TASK OBJECTIVE »
Your reply should reproduce the data below without a single alteration, apart from dropping the images.

EXERCISE DATA »
○ ○ ○

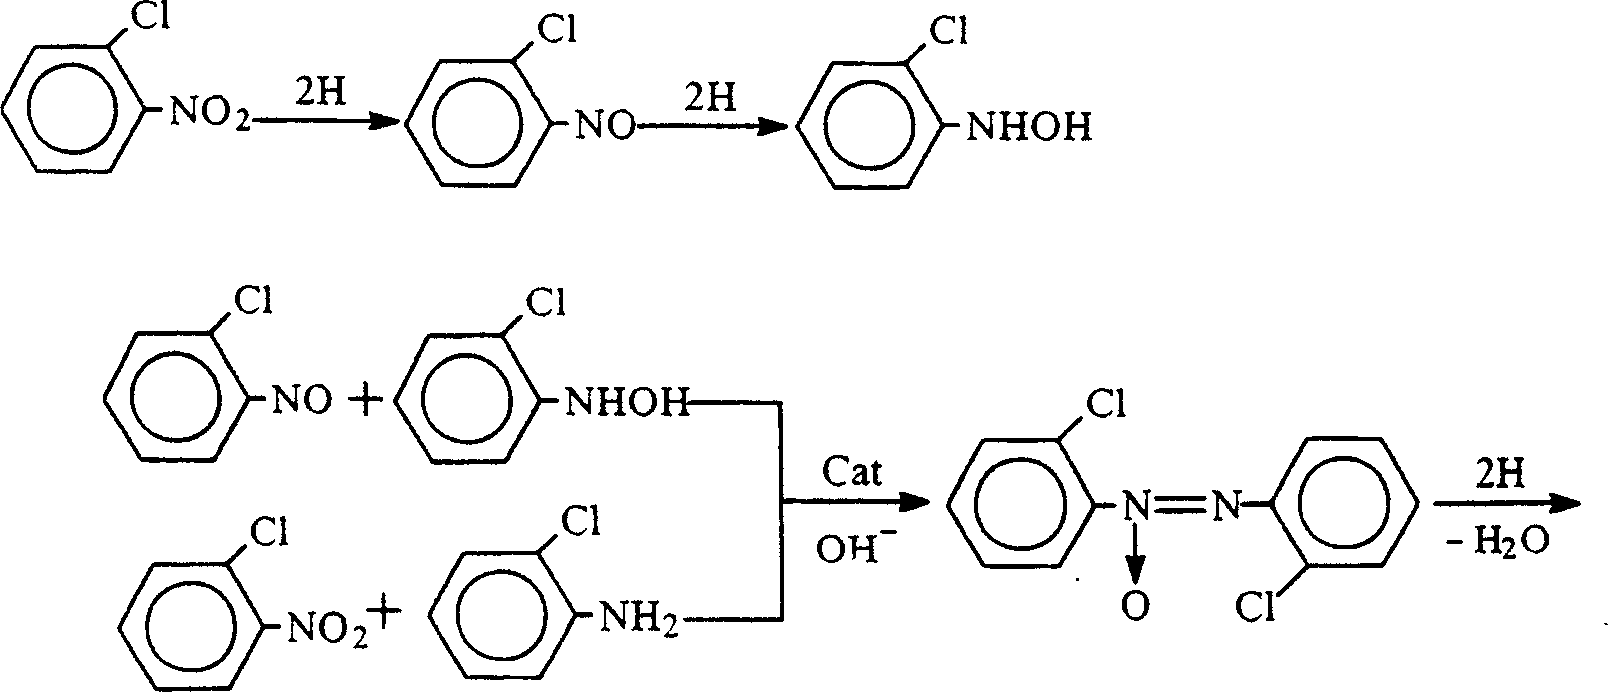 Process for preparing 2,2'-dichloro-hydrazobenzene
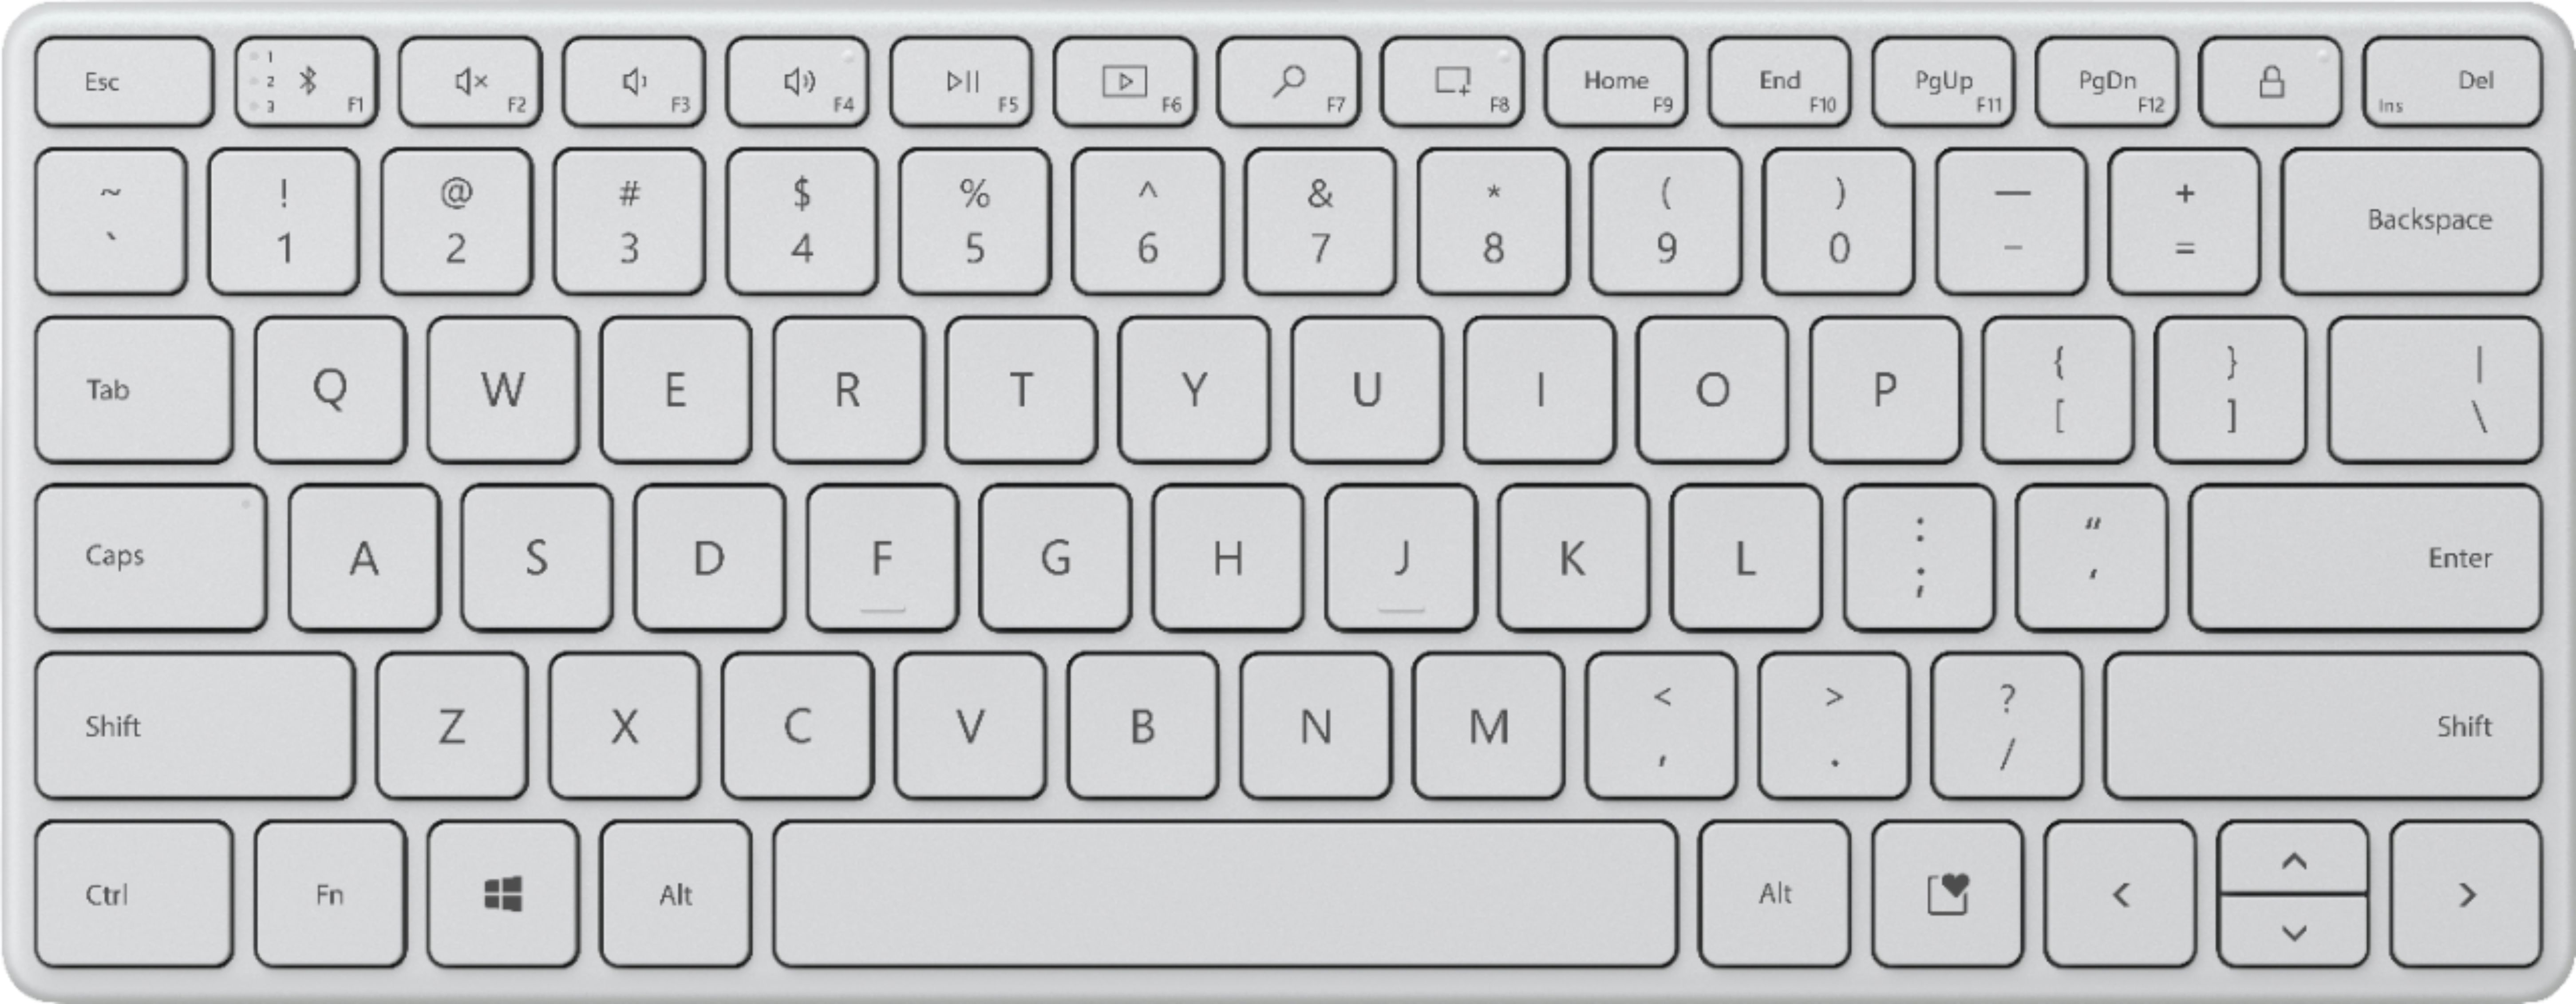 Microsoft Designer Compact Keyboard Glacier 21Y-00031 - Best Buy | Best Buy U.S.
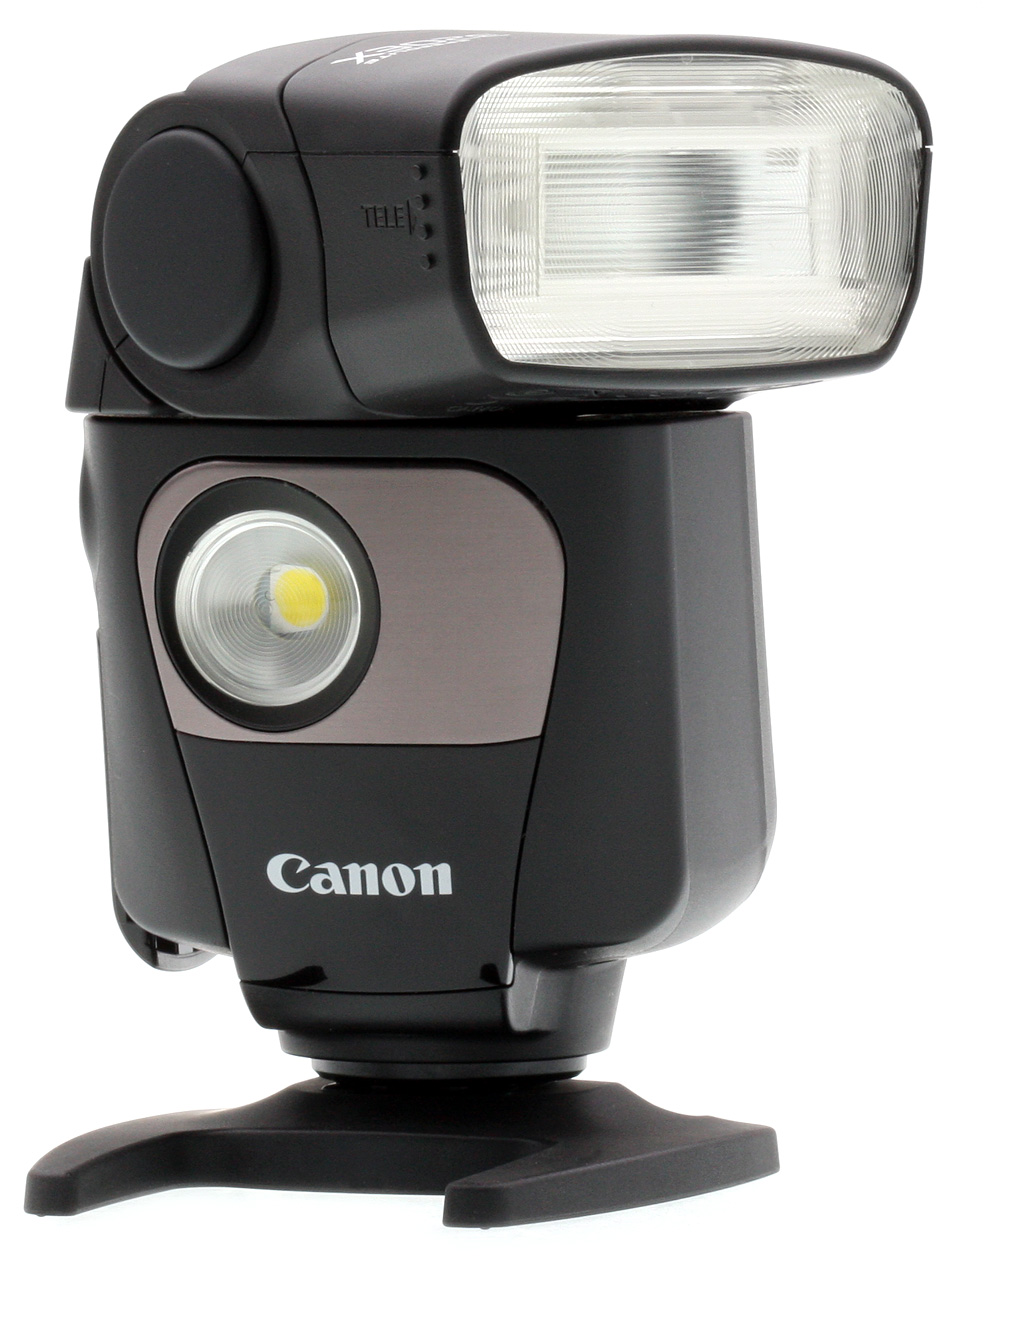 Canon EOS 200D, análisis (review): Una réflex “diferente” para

○ ○ ○

ANSWER TO THIS PROBLEM »
 Process for preparing 2,2'-dichloro-hydrazobenzene
 Microsoft Designer Compact Keyboard Glacier 21Y-00031 - Best Buy | Best Buy U.S.
 Canon EOS 200D, análisis (review): Una réflex “diferente” para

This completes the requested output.